Yeah, I thought about writing this up as an alternative proposal, may still do (or feel free). I'm not very enthusiastic about it though. It makes every allocation in the program a little slower (or potentially a lot slower in JS), even if no immutability is used.

[lrhn]

It's not clear how this would work. A type annotation of ImmutableList should accept the subtype _GrowableList.
If it's not type based, then it should probably not show up in the type system at all.

[leafpetersen]

Yes, I don't see a coherent story here, but added it based on discussion for future reference.

[leafpetersen]

I'd consider a more Dartino-like approach where we don't introduce new nominal types, but allow all classes to create immutable objects.

I'm open to this, but I'd like to see it worked out. The key point of what I'm specifying here is that immutable objects can be allocated directly into a shared heap. You can instead copy into a shared heap, or do something else, but what that something else is needs to be worked through.

Say: Any object with only final fields and where all fields hold immutable objects, is itself immutable. Maybe only if created using a const constructor.

const is certainly not enough.

We can then add immutability to the type system as a type modified: const T is a sub-type of T and of T<:S then const T <: const S. It gives a parallel type hierarchy (like non-nullability).

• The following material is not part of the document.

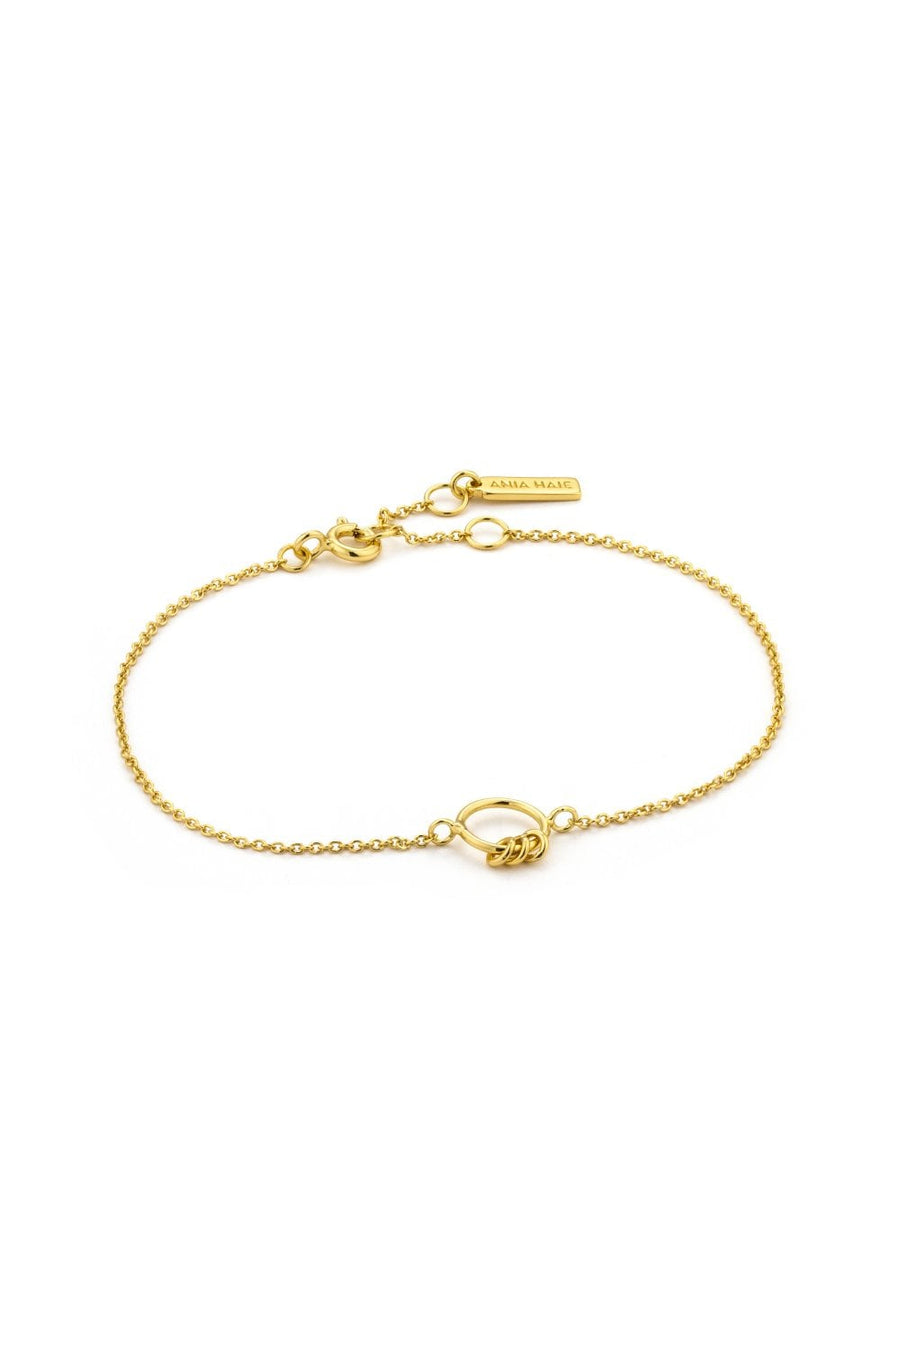 Ania Haie Gold Modern Circles Bracelet

Maybe? I don't know what this means though. What are the inhabitants of const T? Deeply immutable T instances? How does this get enforced? It feels like if you want static enforcement, then it needs to implicitly push structurally down the class hierarchy. If it only means shallow immutability... what is it buying you over just having a class with final fields?

I would like to see other proposals worked up (I may try to write up the dynamic version) - this is still very much exploratory.

[yjbanov]

@lrhn, the Dartino approach has some theoretical appeal in that you are kind of like composing immutability with existing concepts. However, I think there are downsides. This proposal is about sharing memory and memory implies data and not behavior. Existing class semantics are great at expressing behaviors, such as services, State objects, particularly mutable objects. By default classes are mutable, not comparable, have poor memory layout controls, which biases the entire class system towards non-data use. Objects representing data favor different, almost opposite properties. You almost always want immutability. You frequently compare one piece of data to another. You always want data to take as little memory space as possible.

So in practice you will rarely find it useful to take any random class and use it in two modes, a mutable non-shared mode and immutable shared mode. Instead you are more likely to design the class for one use-case or the other.

I list some of the desired properties of immutable objects in #125 (comment), and I do not see a clear path there if we start with existing classes.

However, I'd still be curious to see a complete proposal.